Cecil John Charles Street (1884-1964) was an amazingly productive author of Golden Age crime fiction, writing under multiple names. As John Rhode, he created a series of about 70 books with Dr. Lancelot Priestley, Inspector Hanslet, and Inspector Jimmy Waghorn, published between 1925 and 1961. He also wrote short stories, stand-alone novels, stage plays, and non-fiction under this pseudonym. As Cecil Waye, he wrote four novels about Christopher and Vivienne Perrin, private investigators in London. Under the name Miles Burton, he wrote about 60 novels between 1930 and 1960 featuring Desmond Merrion and Inspector Henry Arnold.
For more about Street and his extensive body of work, see Masters of the Humdrum Mystery: Cecil John Charles Street, Freeman Wills Crofts, Alfred Walter Stewart and the English Detective Novel by Curtis Evans (McFarland, 2012).
Dr. Priestley was Street’s most enduring creation. A former mathematics professor, he is a sort of forensics specialist at the time of the stories, only interested in the cases that Inspector Hanslet brings him if they offer an intriguing puzzle.
The seventeenth title about Priestley is an excellent example of his intellectual problem-solving. The Motor Rally Mystery (Collins Crime Club, 1934), published in the United States as Dr. Priestley Lays a Trap (Dodd, Mead & Co., 1933), describes a cross-country motor vehicle race that ends for two of the participants in what seems to be an unfortunate crash. The speeds of the vehicles and the deadlines to which they were held make the wreck unsurprising. Dr. Priestley asks questions about tread marks on the road and other forensic evidence from the scene. The answers are dubious enough to raise official eyebrows, and the police launch an investigation despite the coroner’s finding of accidental death.
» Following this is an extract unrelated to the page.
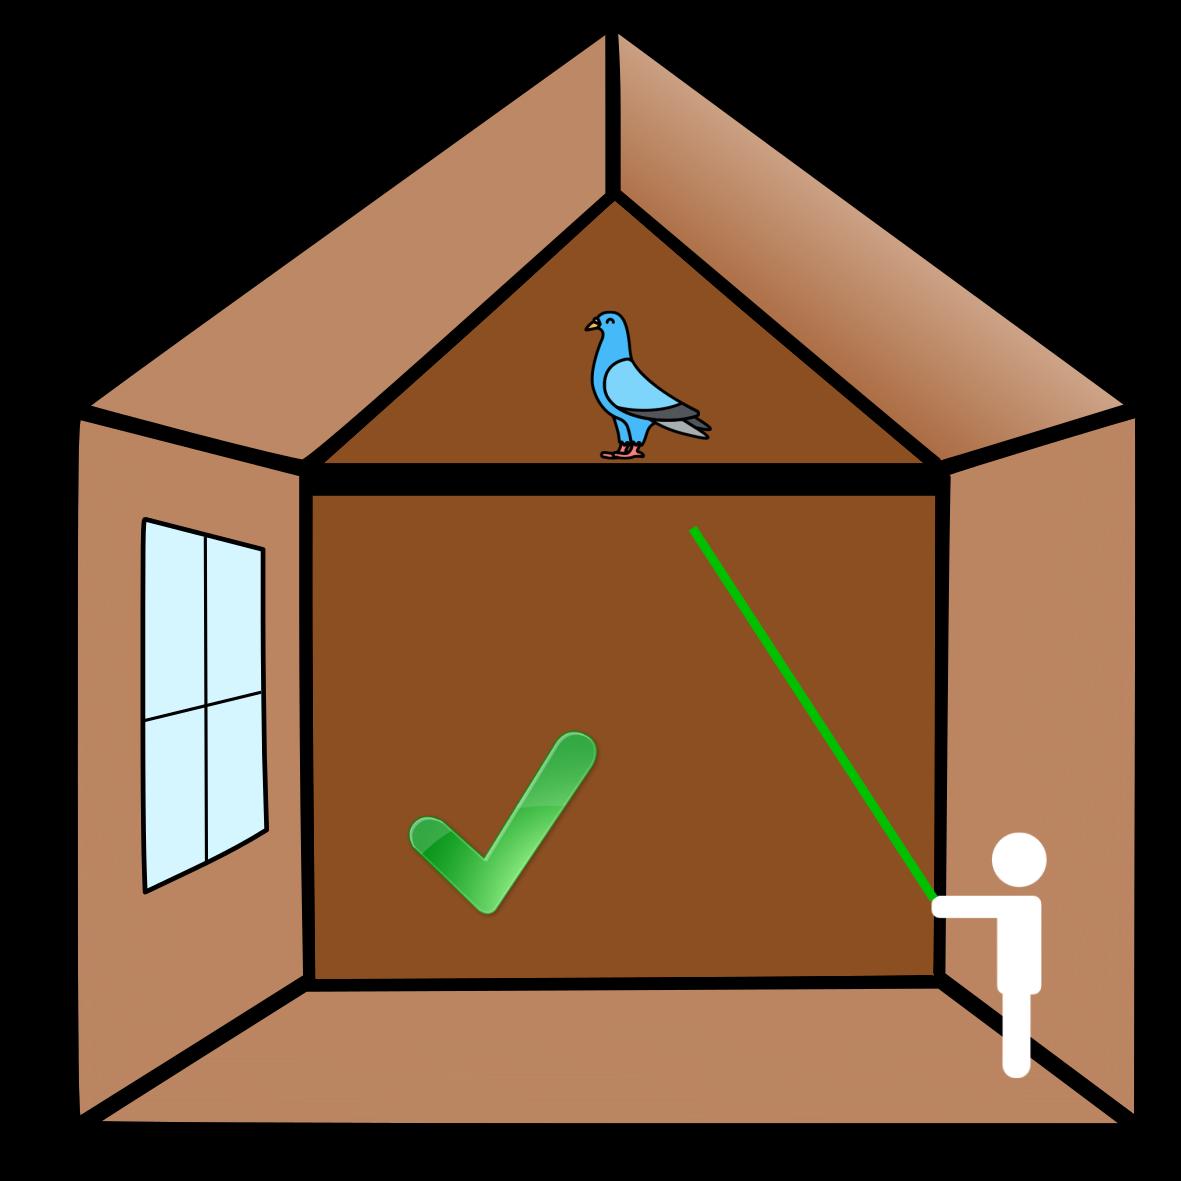 Protection batiment elevage etourneaux

The plot hearkens back to those GAD stories that involve analysis of train schedules and train stops, as Dr. Priestley reviews maps of the race course and the various checkpoints along the way. The distances between official pit stops and the road condition receive his focused attention, as does the wreckage of the fatal motor car. In classic great detective style, he keeps his assistants in the dark until the last minute when the unexpected culprit is revealed.
The Dr. Priestley books are always a pleasure to visit. The elaborate solutions are impossible for me to guess, the writing is strong, and the pacing is even. The series is essential reading for anyone interested in traditional mysteries.